Sensitive tests are needed for early detection of the disease as well as for evaluating the efficacy of current and new treatments so as to delay the progression of disability. Both structural and functional tests can be used to assess damage to the axons of the visual pathway in CIS patients, ^2,3 already demonstrated in proton-MR spectroscopy studies. ^4,5 Optical coherence tomography (OCT) has shown specific retinal alterations in MS patients. The retinal nerve fiber layer thickness (RNFLT) is significantly reduced in the clinically affected eyes of patients with MS and optic neuritis (ON) and in their unaffected fellow eyes, as well as in the eyes of patients with CIS or MS without ON. ^6–8 In addition, OCT RNFLT has been suggested to be a structural biomarker of axonal loss in MS, ^9,10 and has also been correlated with brain atrophy. ¹¹  

Multifocal visual-evoked potentials (mfVEPs) provide a method to diagnose the optic pathway conditions by assessing visual-evoked potentials, not as a single global response, but rather as responses from multiple individual segments of the visual field. ¹² In addition to providing response amplitudes, the mfVEPs also provide information about nerve conduction velocity (latency) that is useful in assessing the extent of demyelination. Recently, mfVEP amplitude has been shown to be a functional biomarker of axonal loss in MS. ¹³ Likewise, Klistorner et al. ¹⁴ reported a strong topographical association between RNFLT and mfVEP amplitude in eyes affected by ON. Laron et al. ⁷ reported that mfVEP shows greater sensitivity than OCT and Humphrey visual field (HVF) in detecting abnormalities in both an ON eye and its fellow. Even more, prolonged latencies could indicate increased risk of clinically definite MS in a patient with CIS who has presented with only ON. ²  

In this context, our study examined the relationship between OCT RNFLT and the amplitude and latency of mfVEPs in eyes of CIS patients without ON history so as to evaluate any visual pathway damage. Optical coherence tomography RNFLT was used as a marker of axonal degeneration, and mfVEP latency as a marker of demyelination, whereas mfVEP amplitude was used to assess the combined effect of inflammation and axonal loss. Although baseline MR imaging findings are known to have the best predictive value in evaluating the risk of CIS conversion to MS, ¹⁵ we also assessed other prognostic factors (OCT and mfVEP) as alternatives to MR imaging in investigating the risk of conversion to MS in CIS patients. 

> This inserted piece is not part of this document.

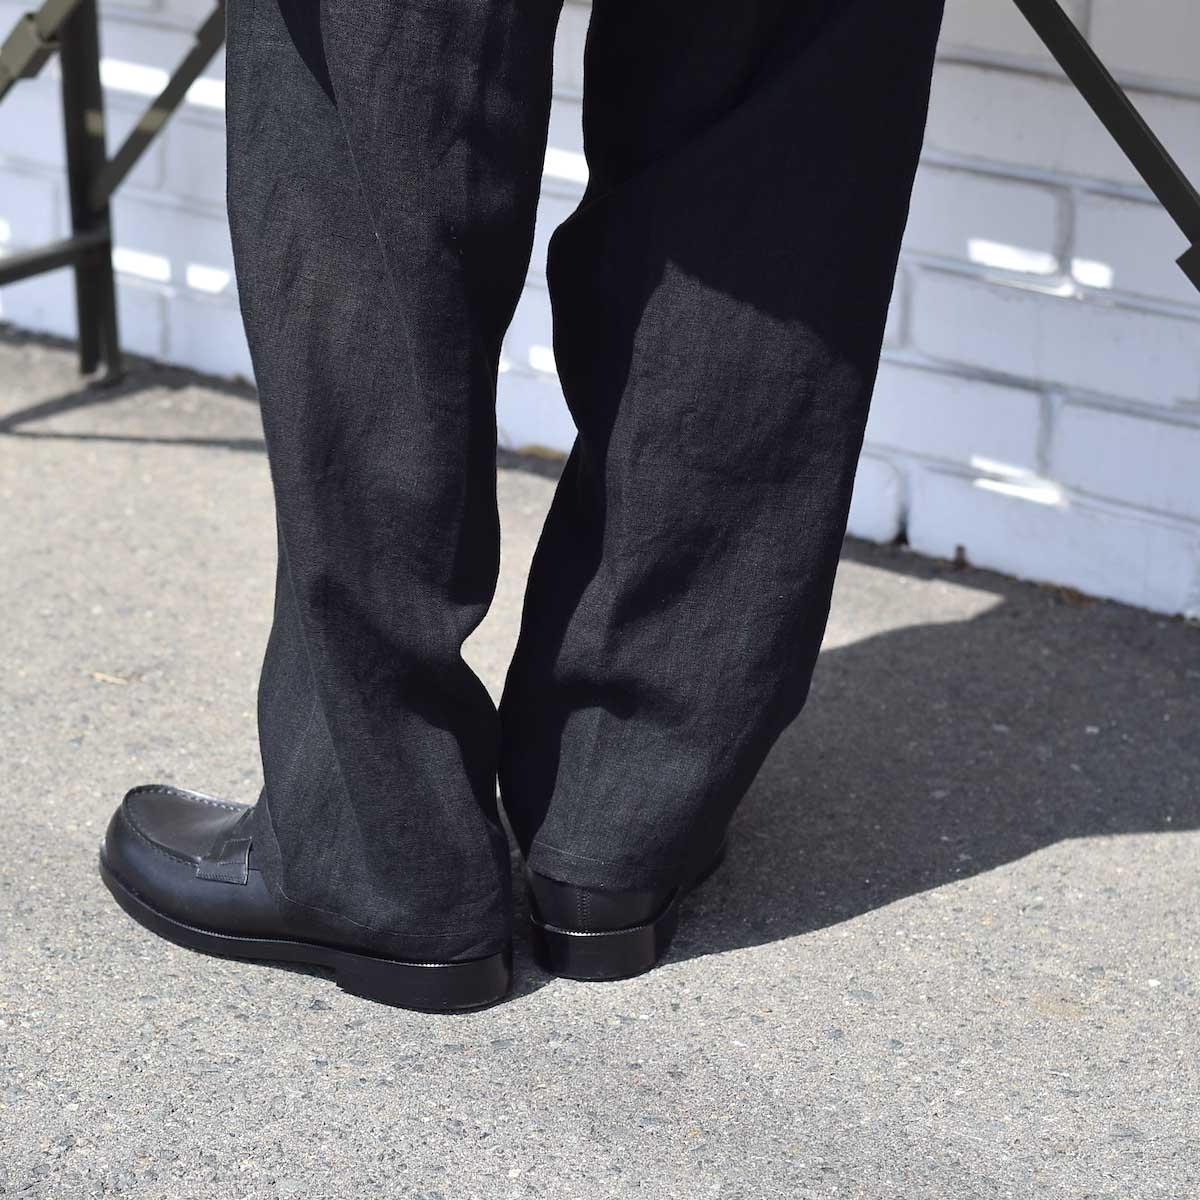 FOOTSTOCK ORIGINALS / LOAFER (Black)着用イメージ2

This observational, longitudinal study assessed 29 consecutive patients (10 men and 19 women; median age: 33.4 years) with CIS. The study included patients with CIS having a first clinical episode suggestive of central nervous system (CNS) demyelination involving the optic nerve, brainstem, spinal cord, or other topography, not attributable to other inflammatory diseases, but lacking radiological evidence of dissemination in time of lesions. ¹⁶ Exclusion criteria were bilateral, acute, or atypical ON presentation; a refractive error of more than 5 diopters equivalent sphere; and a history of any other ocular (e.g., glaucoma, cataract, or macular diseases) or systemic disease that could affect the visual system. The study protocol was approved by the local institutional review board and adhered to the tenets of the Declaration of Helsinki, and all participants provided informed consent. 

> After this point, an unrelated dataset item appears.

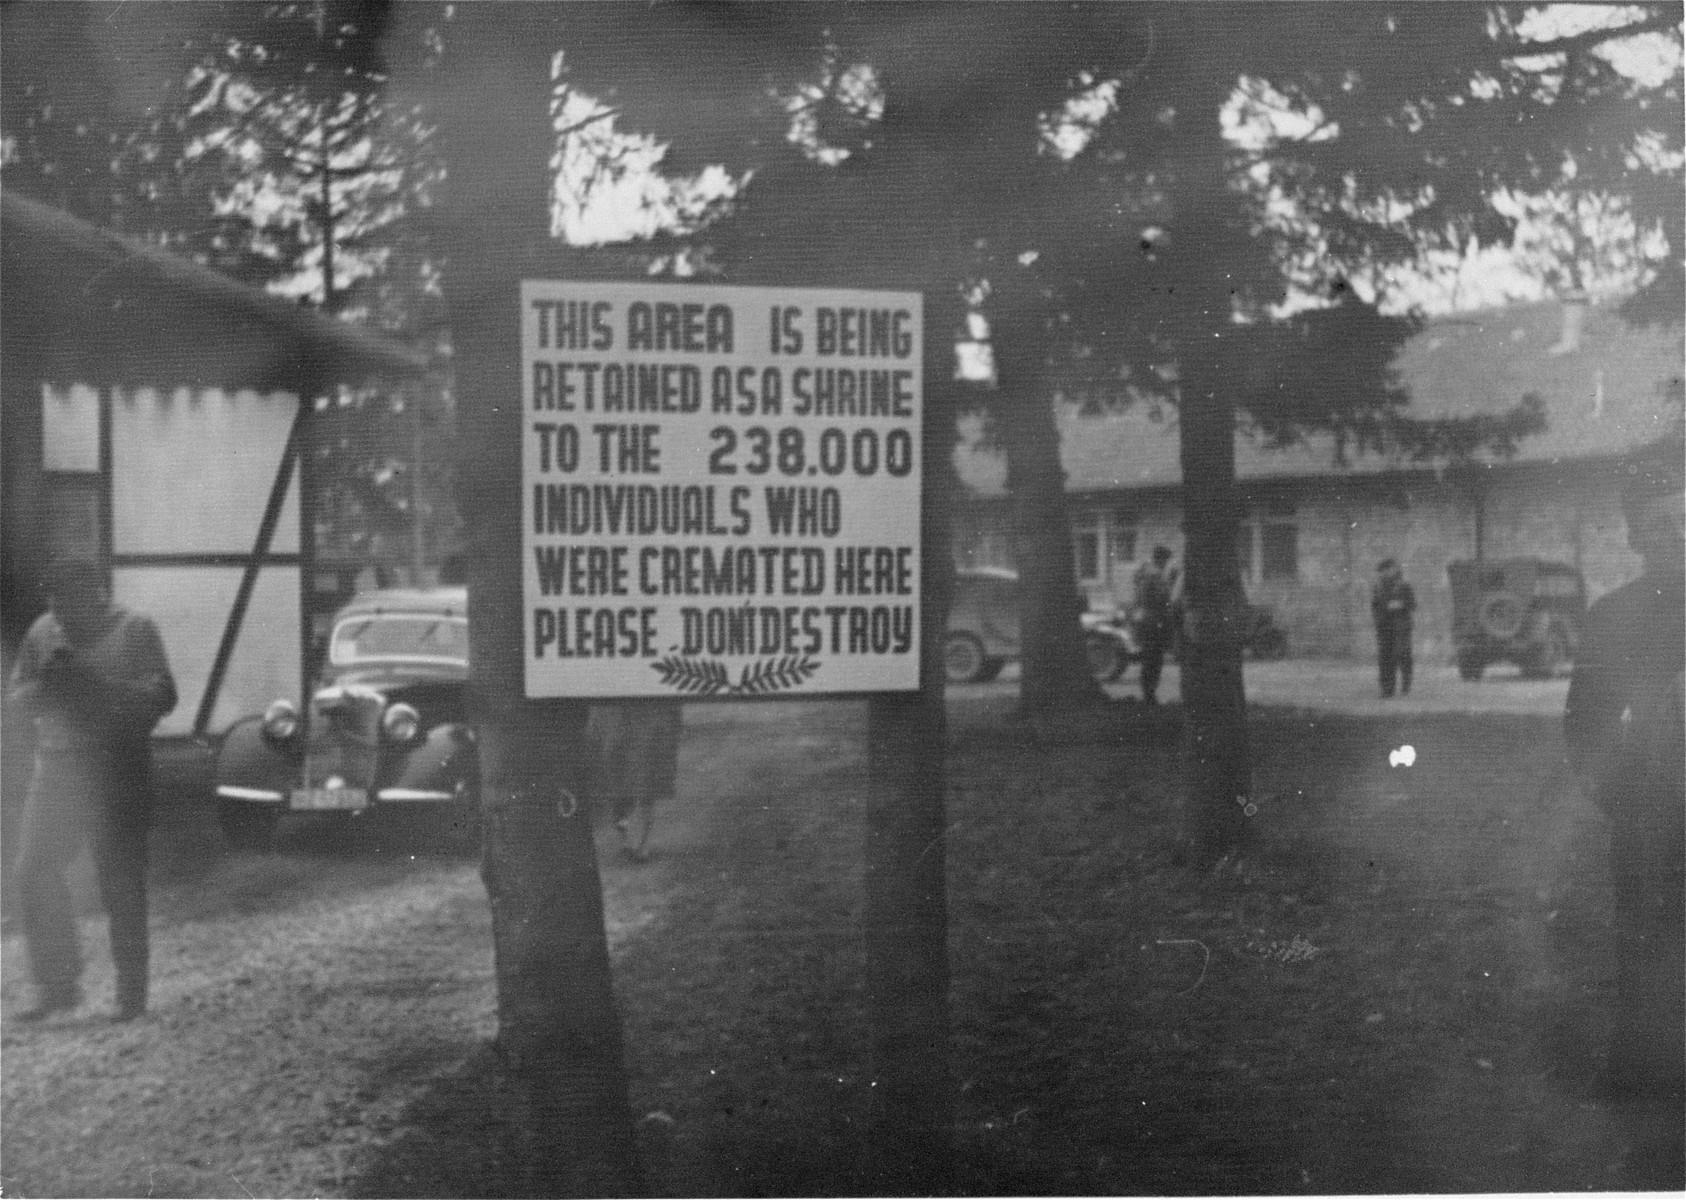 A memorial sign in front of the crematorium in Dachau.

The study group (CIS eyes), included one eye each, randomly selected, from 20 CIS patients with no history of ON and the unaffected fellow eyes of 9 CIS patients with a history of unilateral ON, giving a total of 29 eyes. Diagnosis of ON was based on clinical findings, such as unilateral visual loss, pain with eye movement, relative afferent pupillary defect, and color vision deficiency. As a control normative group, one eye each, randomly selected, from 26 age-matched healthy subjects (7 men and 19 women; median age: 32.2 years) with a normal neurological and ophthalmologic examination were included. 

Brain and spine MR imaging studies were performed with a 1.5-T Philips Gyroscan MR Unit (Philips Medical Systems, Best, The Netherlands) using conventional T1, T2, proton density, fluid-attenuated inversion-recovery, and double inversion-recovery weighted sequences with and without gadolinium application. The total number of lesions with a diameter larger than 3 mm, and dissemination in space (DIS) and dissemination in time (DIT) criteria were assessed. ¹⁶ Patients with CIS were included in the study within 3 months of their first clinical event and they were evaluated every 3 months. Magnetic resonance imaging studies were performed at baseline, and 3 and 12 months. 

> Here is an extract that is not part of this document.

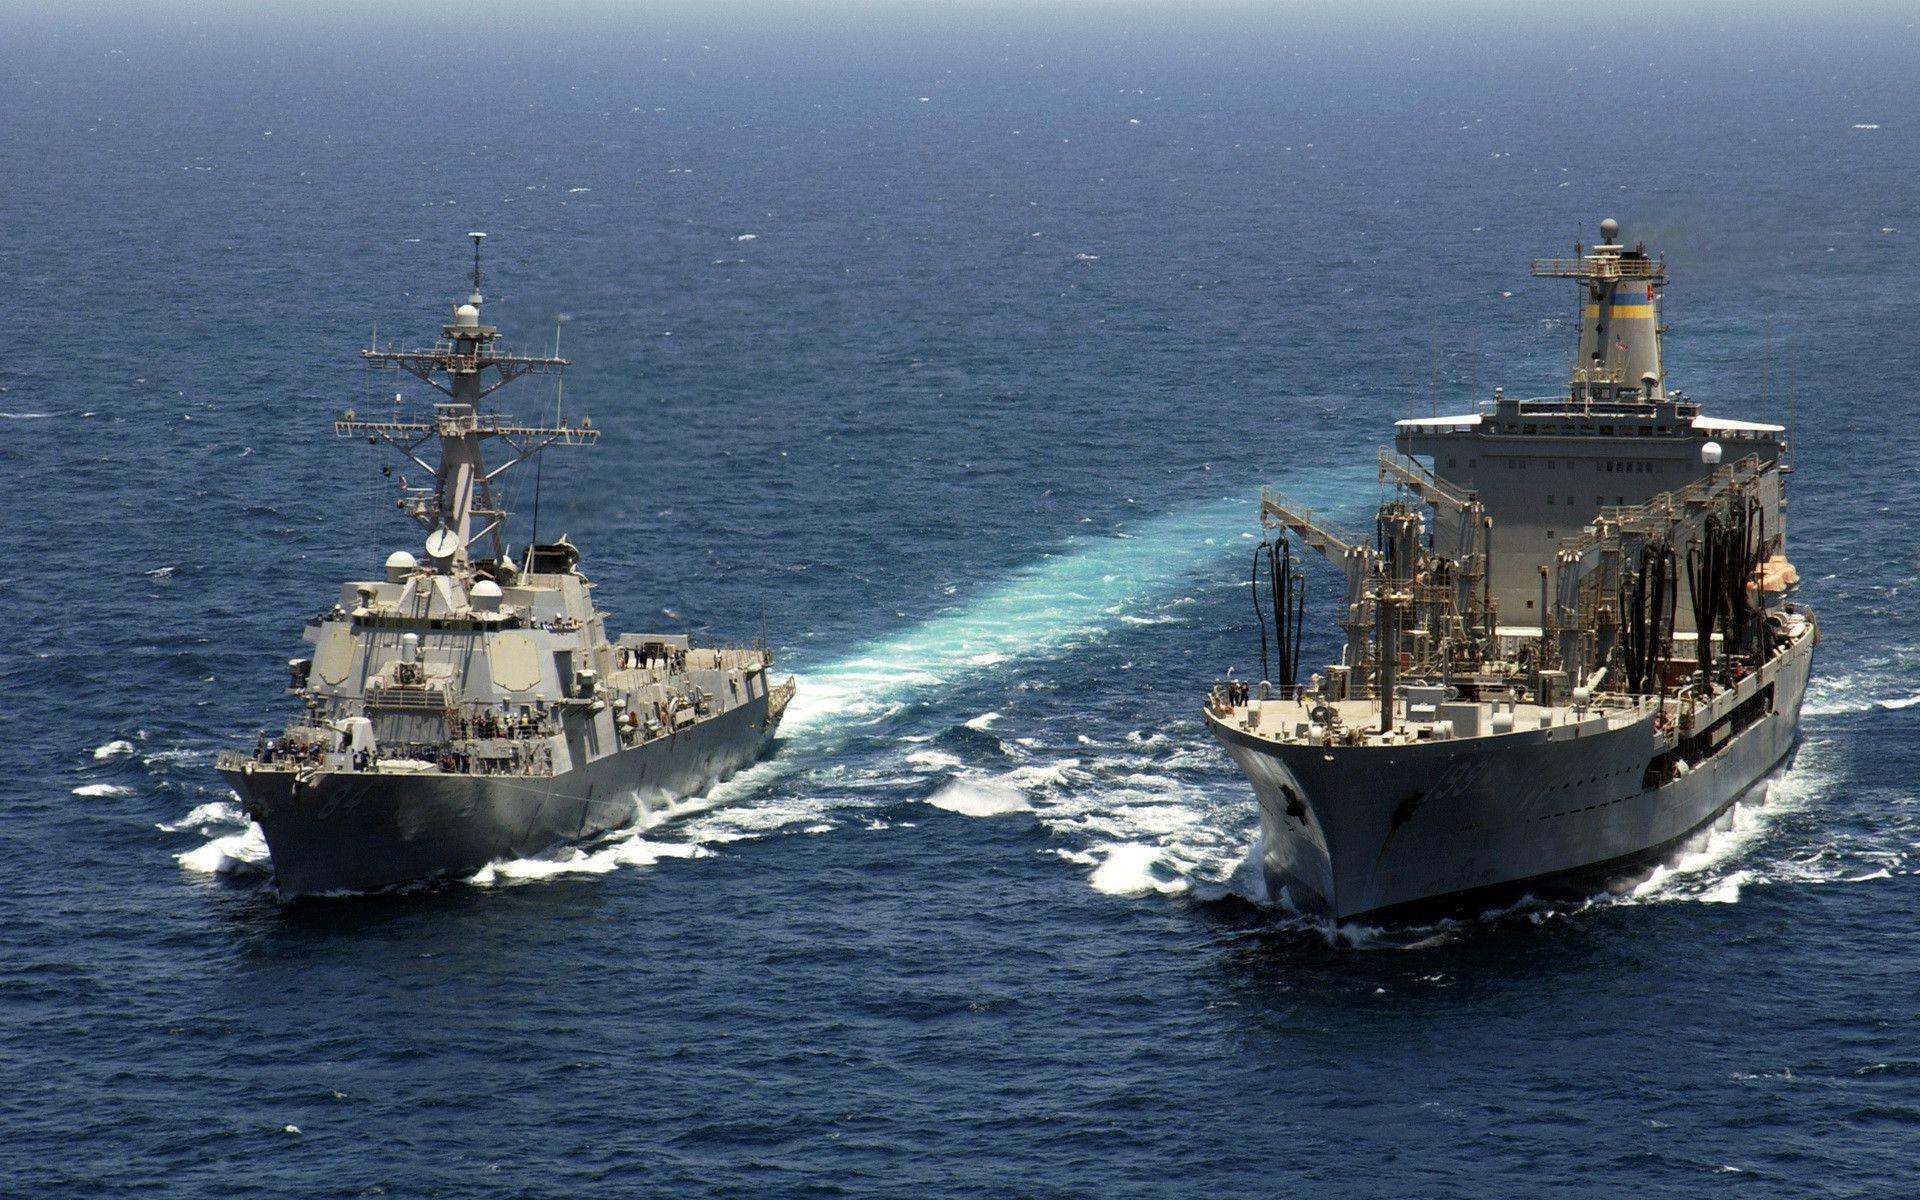 navy wallpaper 1440x900 ships - photo #23

Disability was recorded for each patient using the Expanded Disability Status Scale (EDSS) score. All participants underwent an ophthalmologic examination that included best-corrected visual acuity (BCVA) with high-contrast Snellen acuity chart, pupillary reflexes, slit-lamp biomicroscopy, applanation tonometry and fundoscopy. A Swedish Interactive Threshold Algorithm-standard (SITA-standard 24-2) program automated perimetry was performed (Humphrey Visual Field Analyzer II; Carl Zeiss Meditec, Inc., Dublin, CA, USA). Spectral-domain OCT examinations were performed with the Cirrus HD-OCT Model 4000 (Carl Zeiss Meditec, Inc). 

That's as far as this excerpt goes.